(Exercise objective)
Every line from the line containing "MARSOC conducts small" through the end of the data is to be reproduced exactly, excluding pictures.
(Provided data Opens)
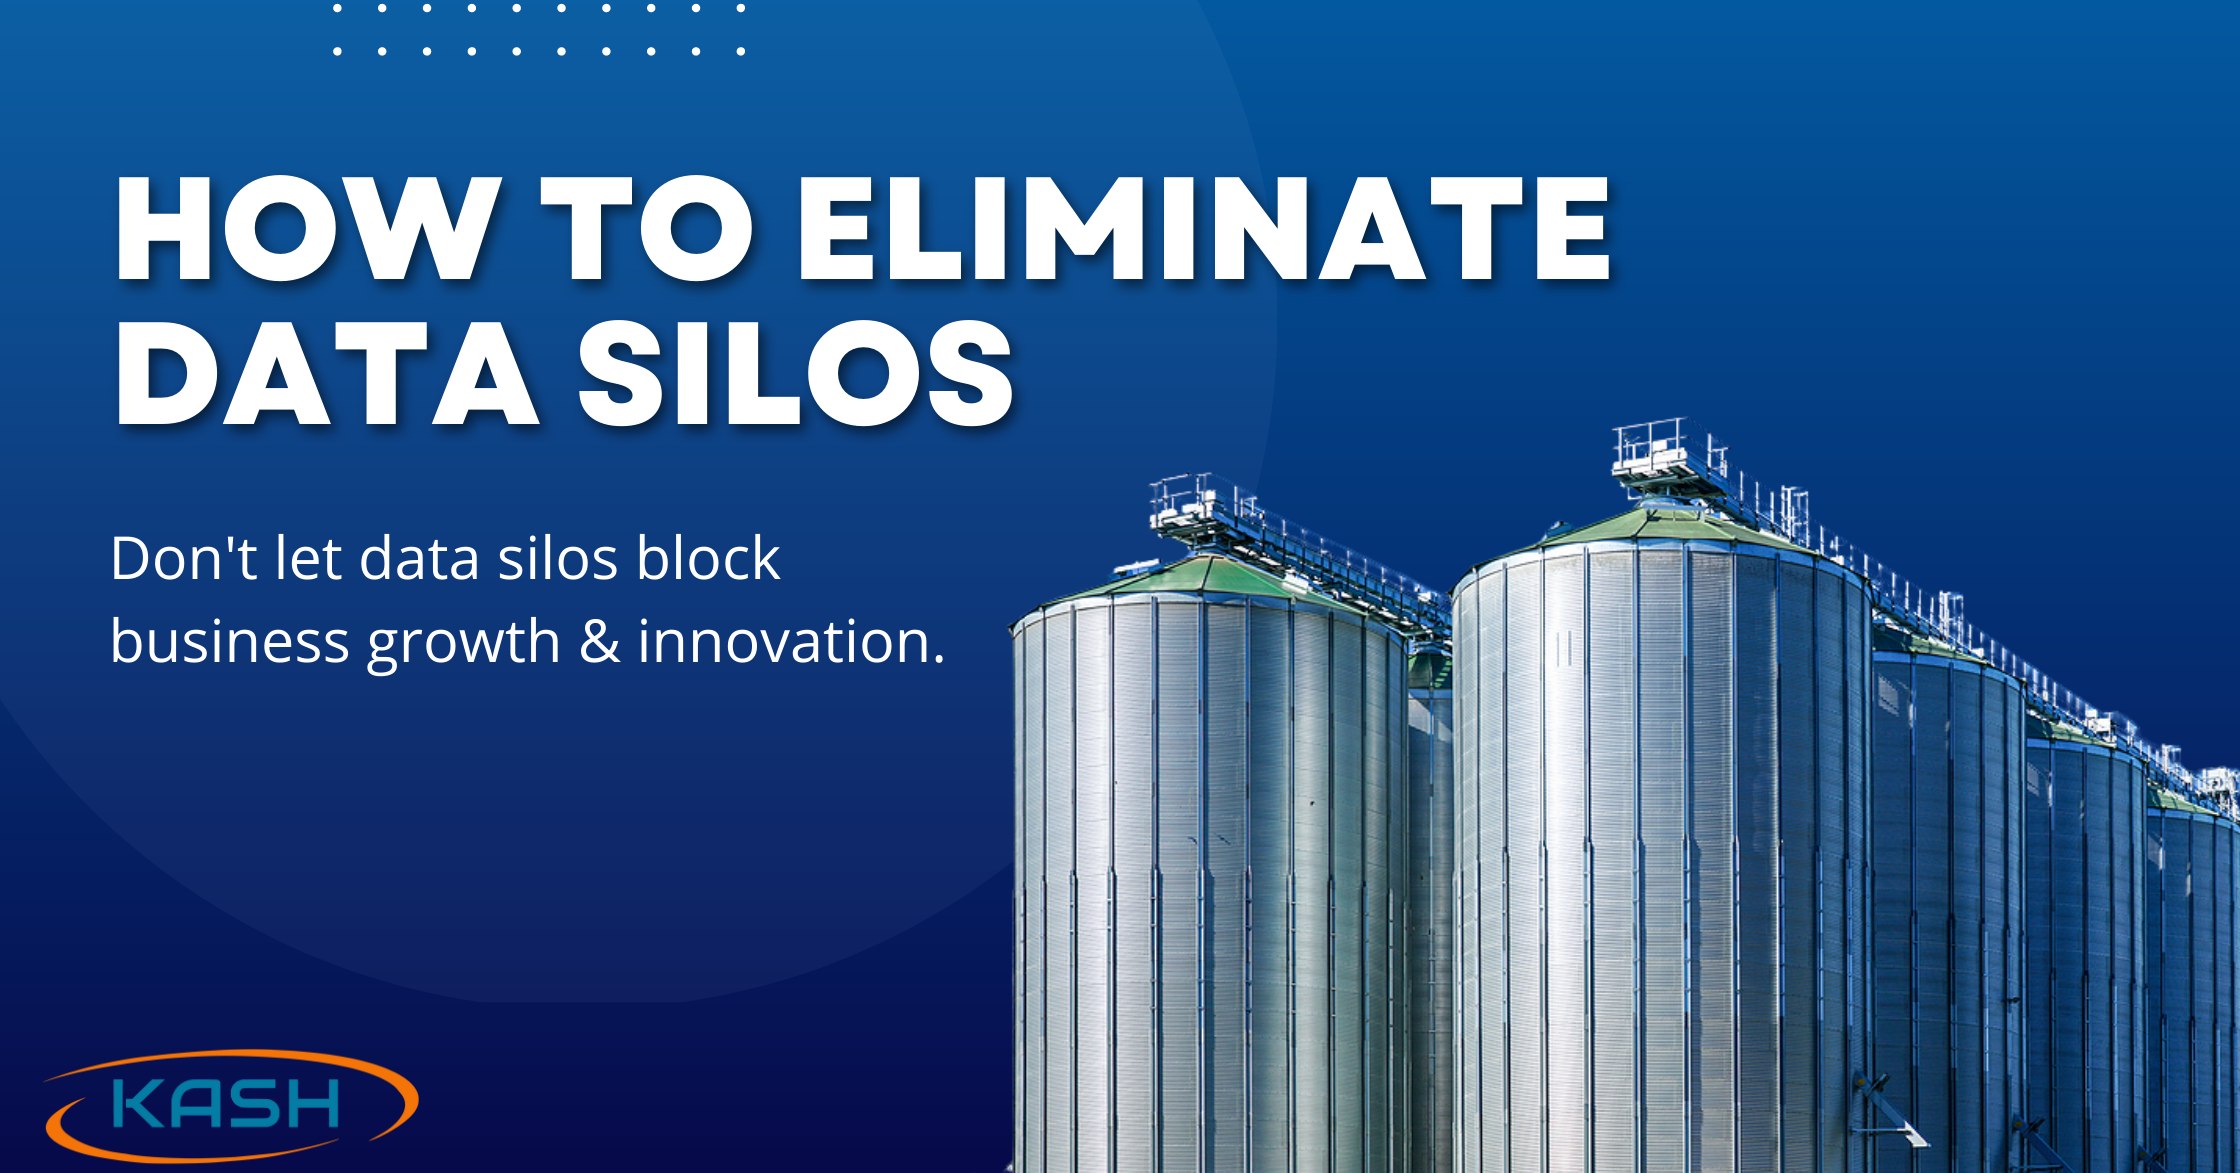 Why Data Silos Are Problematic and How to Fix Them
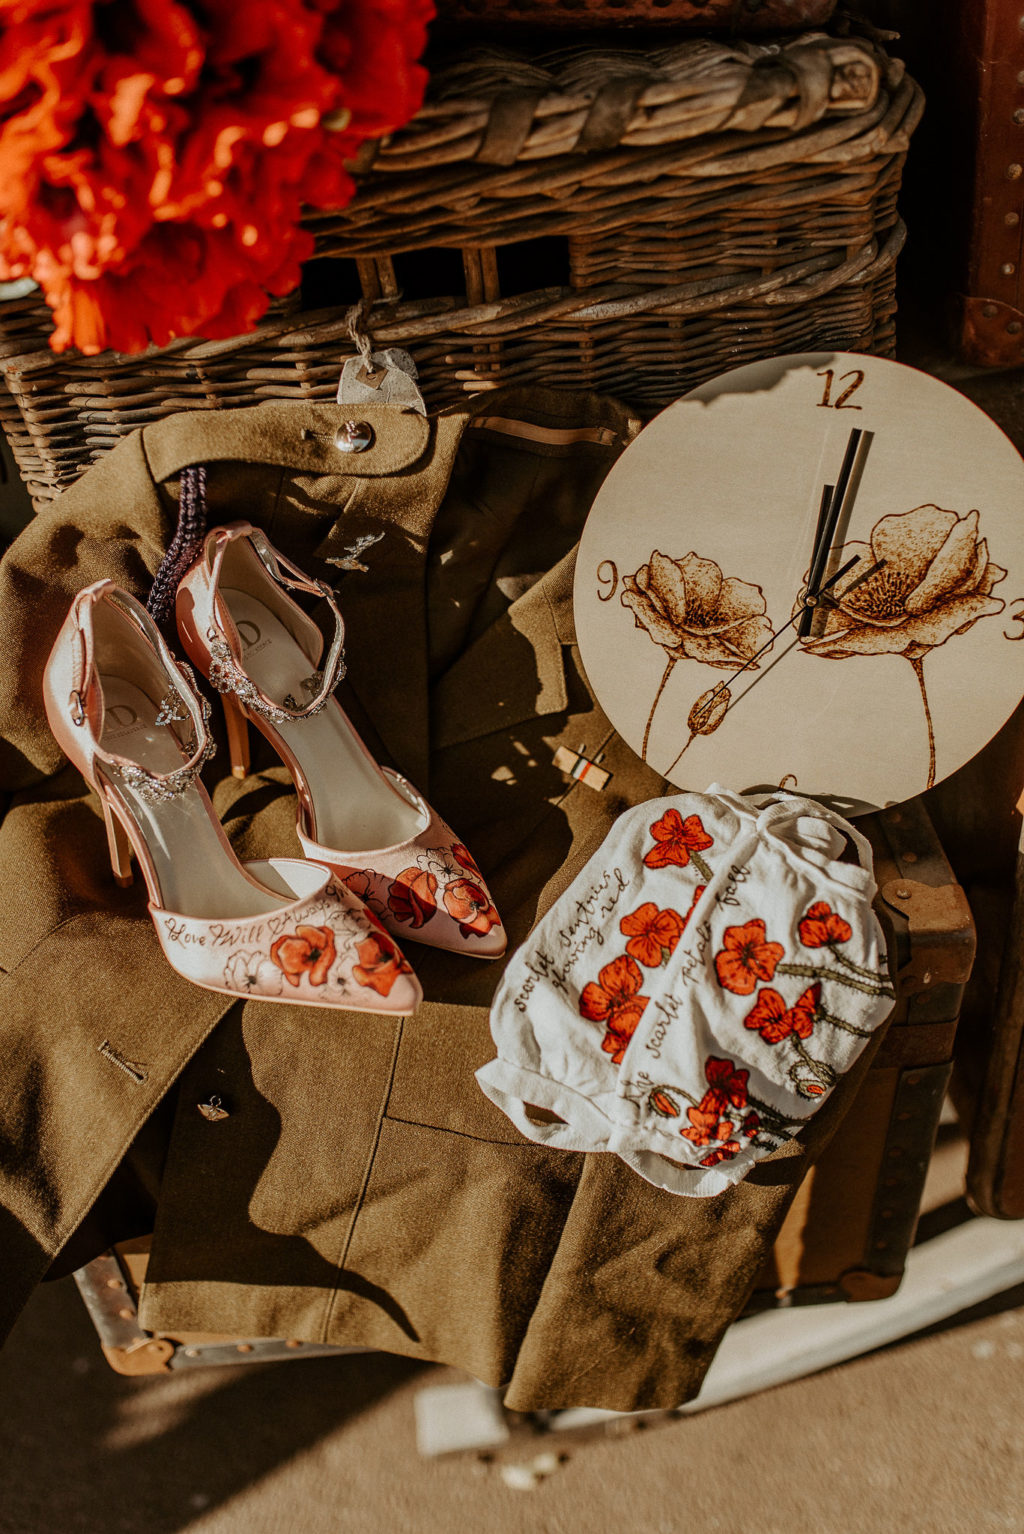 Vintage Railway Wedding Inspiration For 'The Poppy Appeal' 
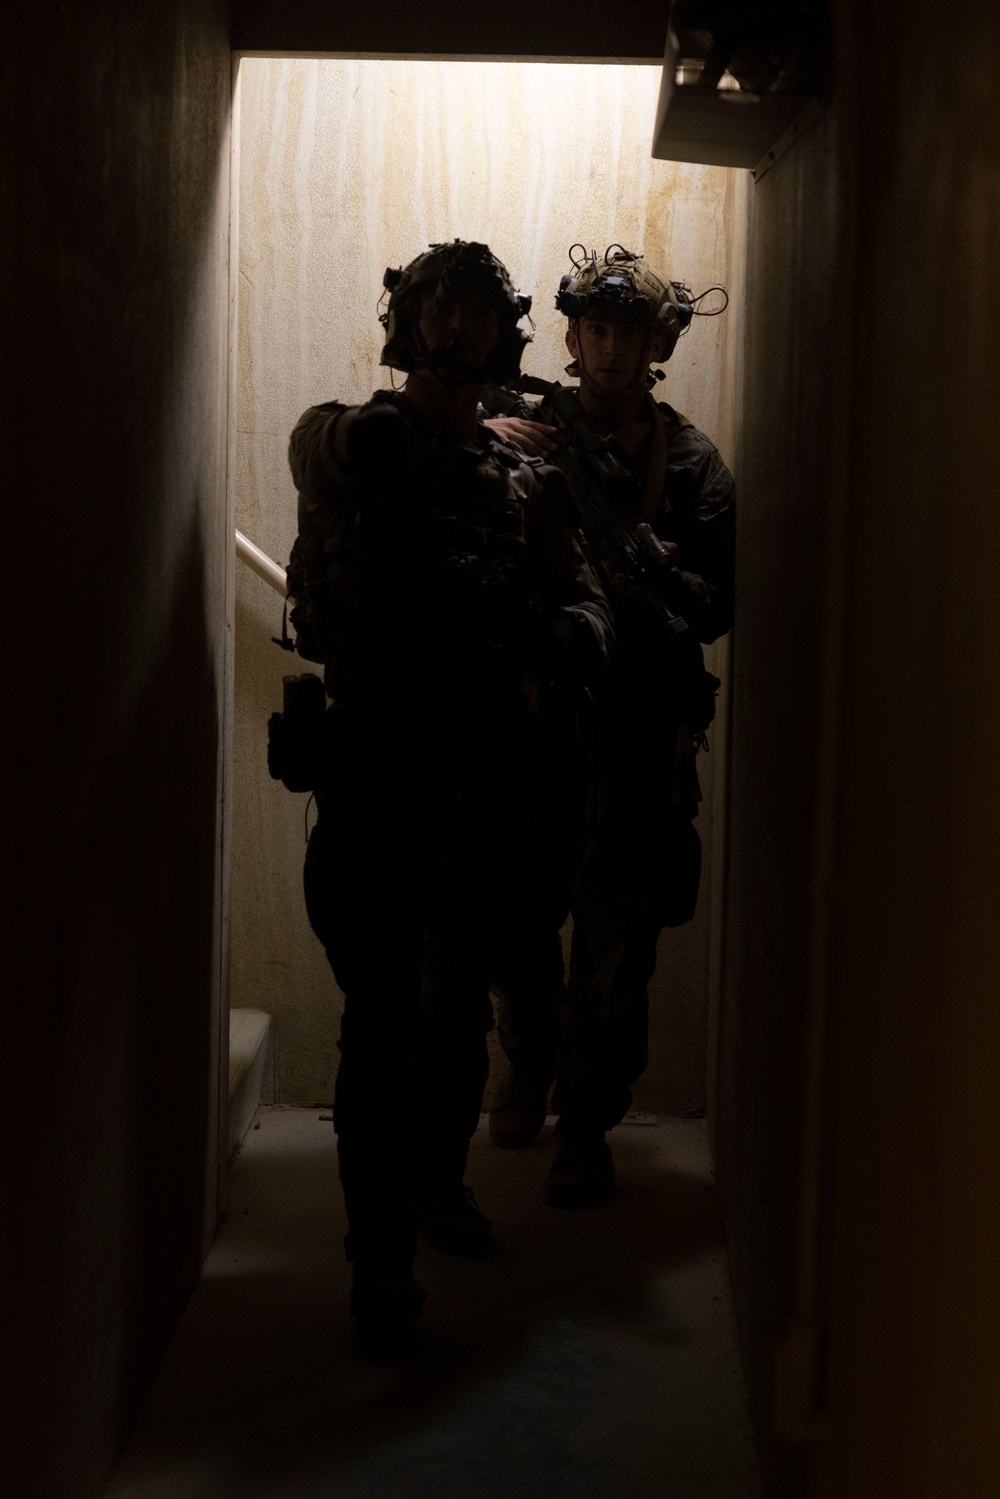 MARSOC conducts small unit tactics training with 1/8
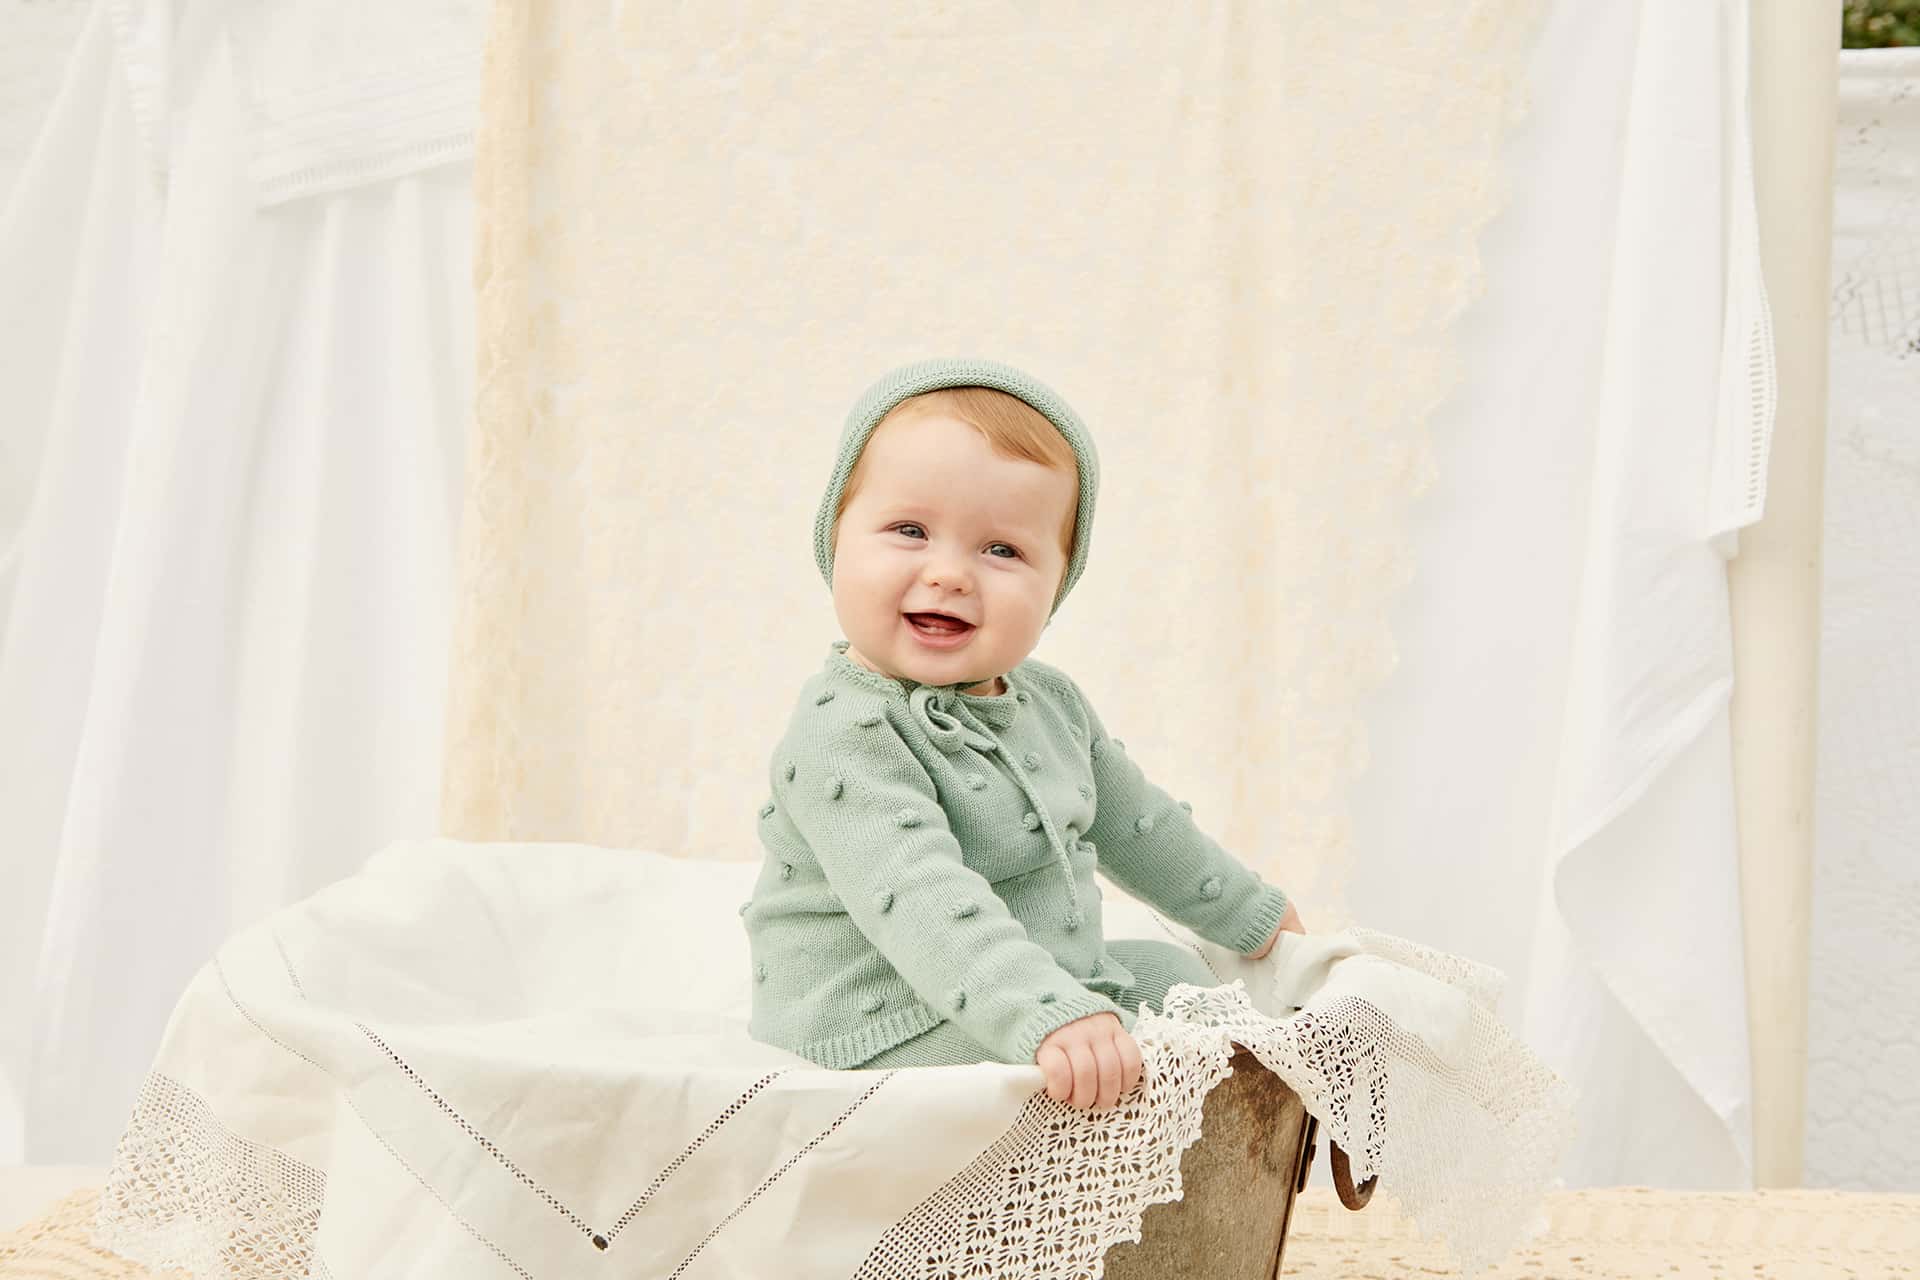 The childrenswear and baby boutiques in
(Provided data Closes)
(Exercise solution)
 MARSOC conducts small unit tactics training with 1/8
 The childrenswear and baby boutiques in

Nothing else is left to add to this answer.